**Provided data:**
================

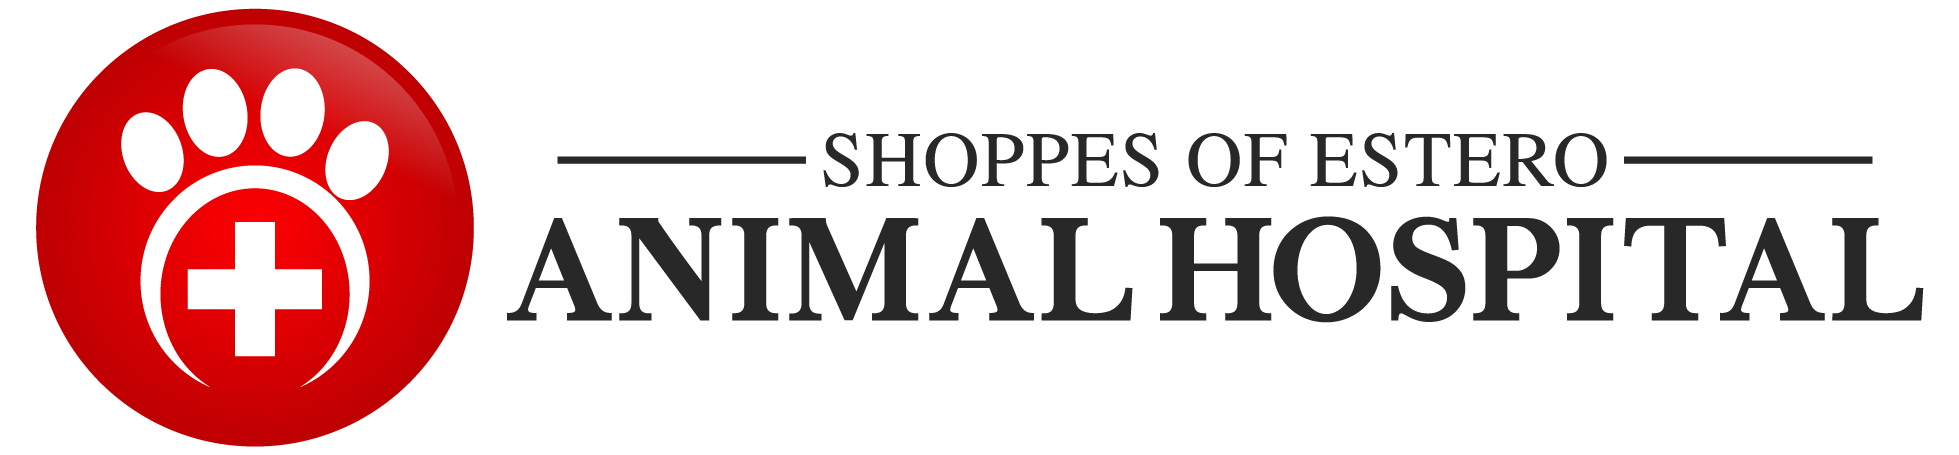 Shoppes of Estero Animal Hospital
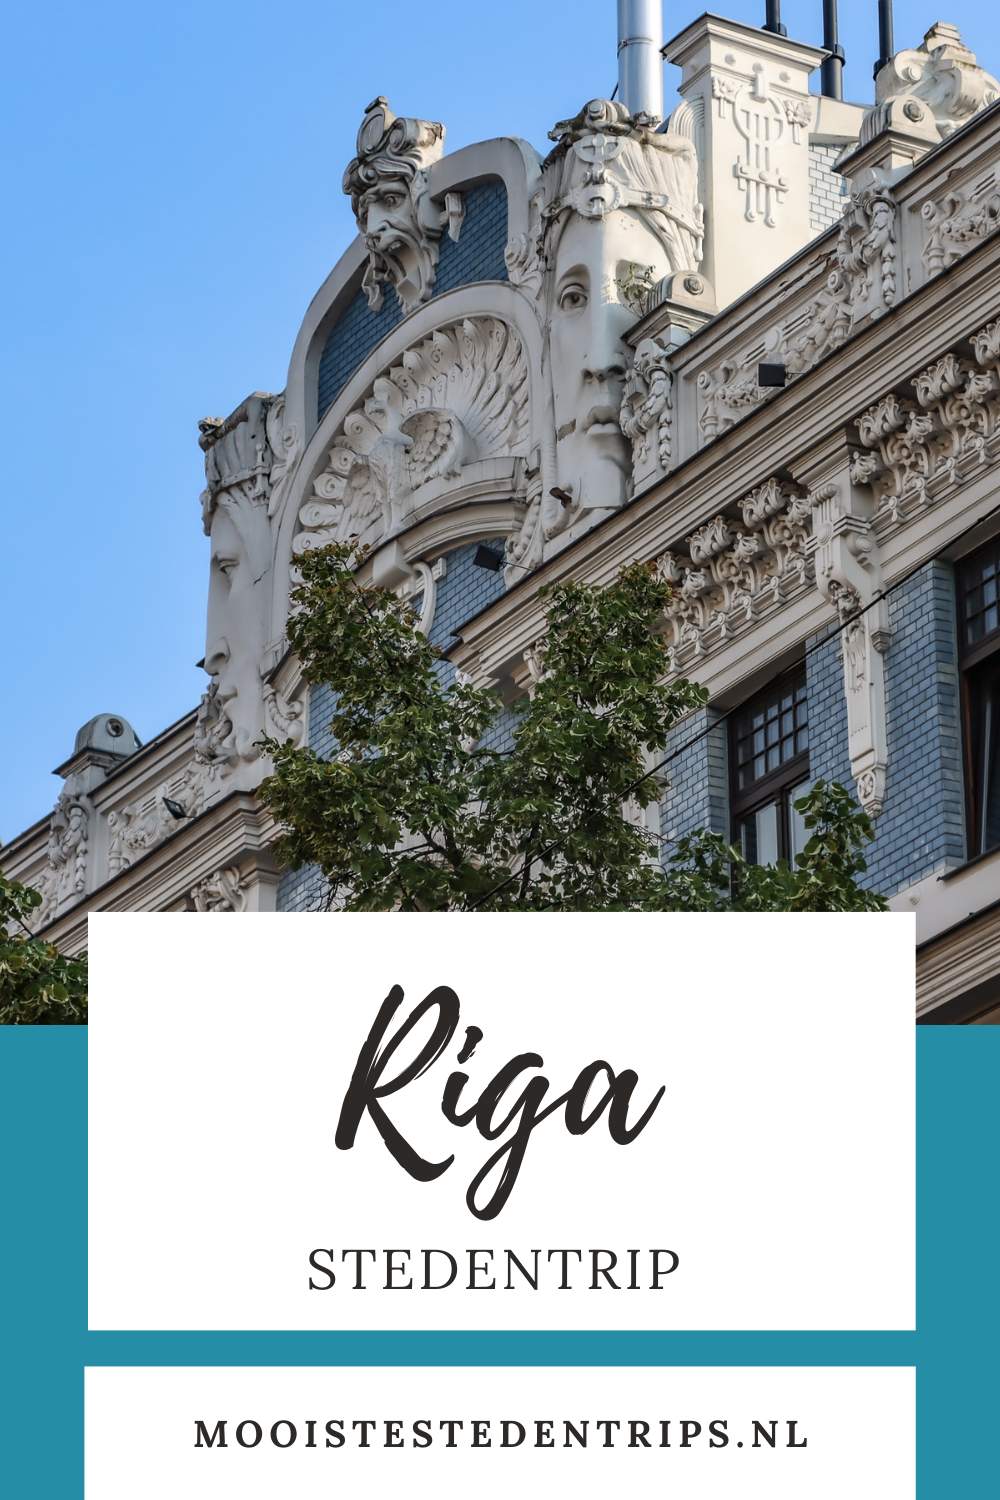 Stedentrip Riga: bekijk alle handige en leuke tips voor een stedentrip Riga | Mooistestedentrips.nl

================

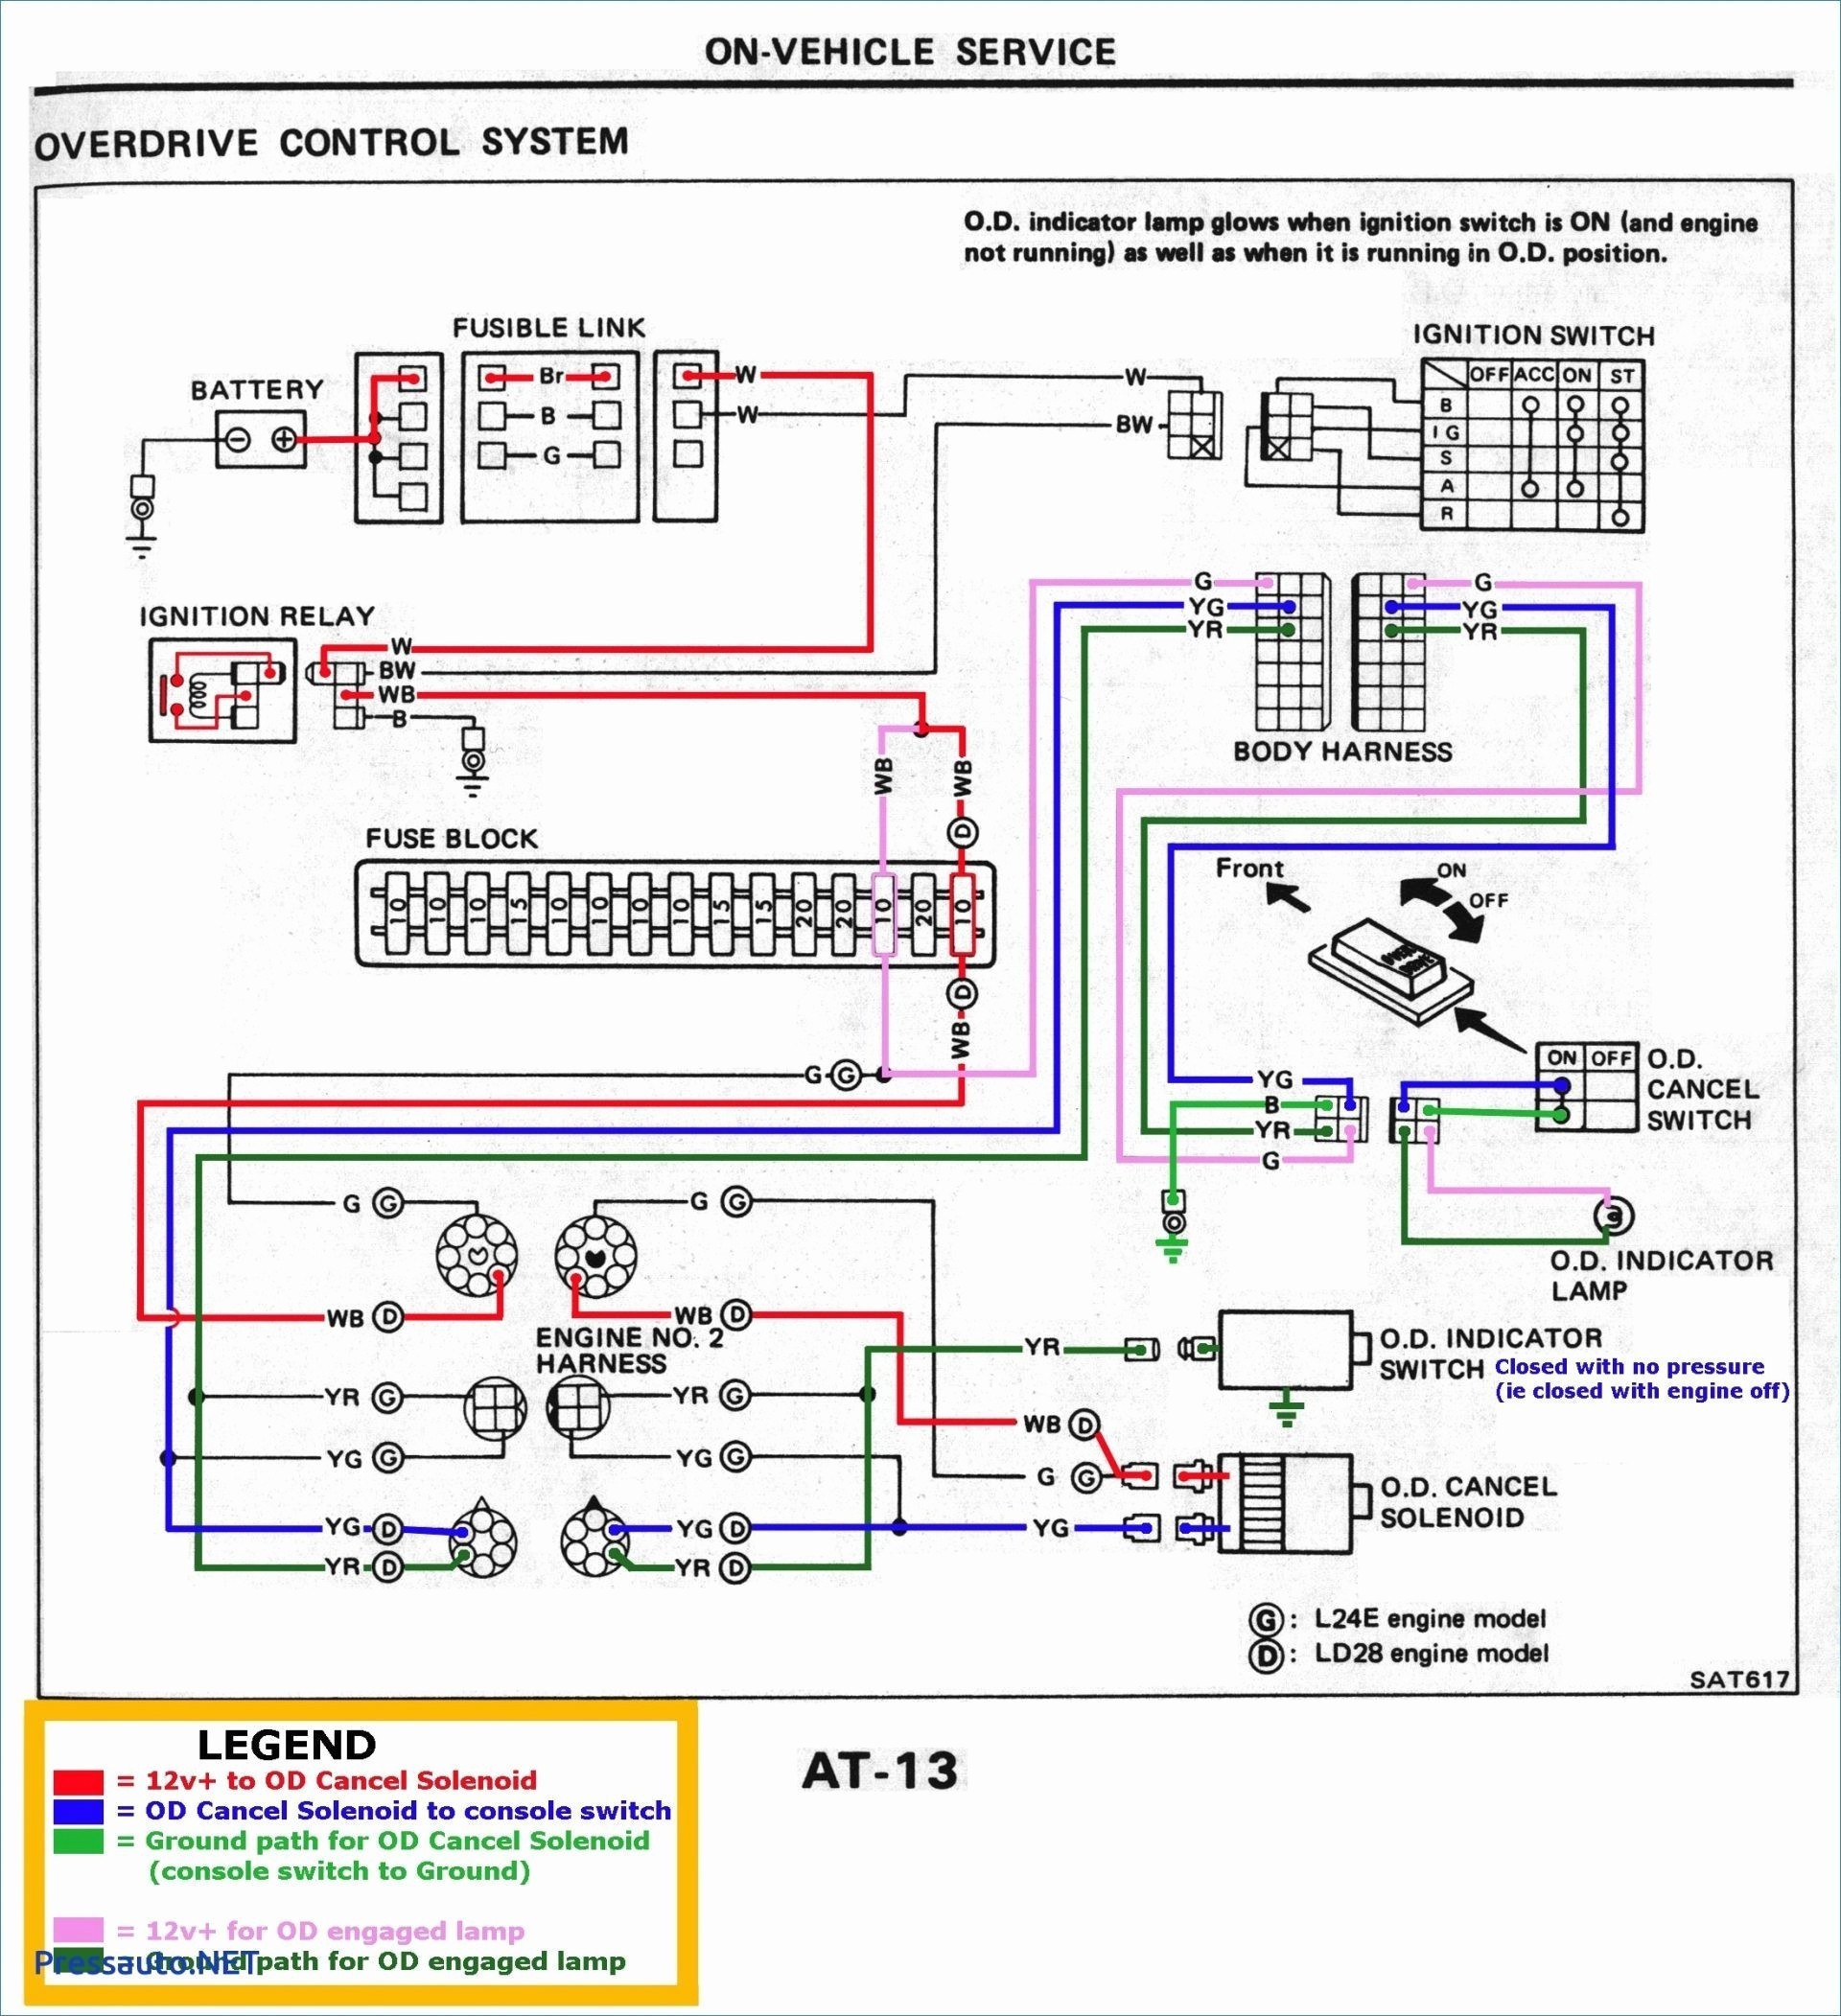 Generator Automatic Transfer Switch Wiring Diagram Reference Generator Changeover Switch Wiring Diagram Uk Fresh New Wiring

================

**Work request:** Everything between and including the line above containing "Shoppes of Estero Animal Hospital" and the line containing "Stedentrip Riga: bekijk" should be reproduced exactly, with pictures excluded.

**Solution for this exercise:**
 Shoppes of Estero Animal Hospital
 Stedentrip Riga: bekijk alle handige en leuke tips voor een stedentrip Riga | Mooistestedentrips.nl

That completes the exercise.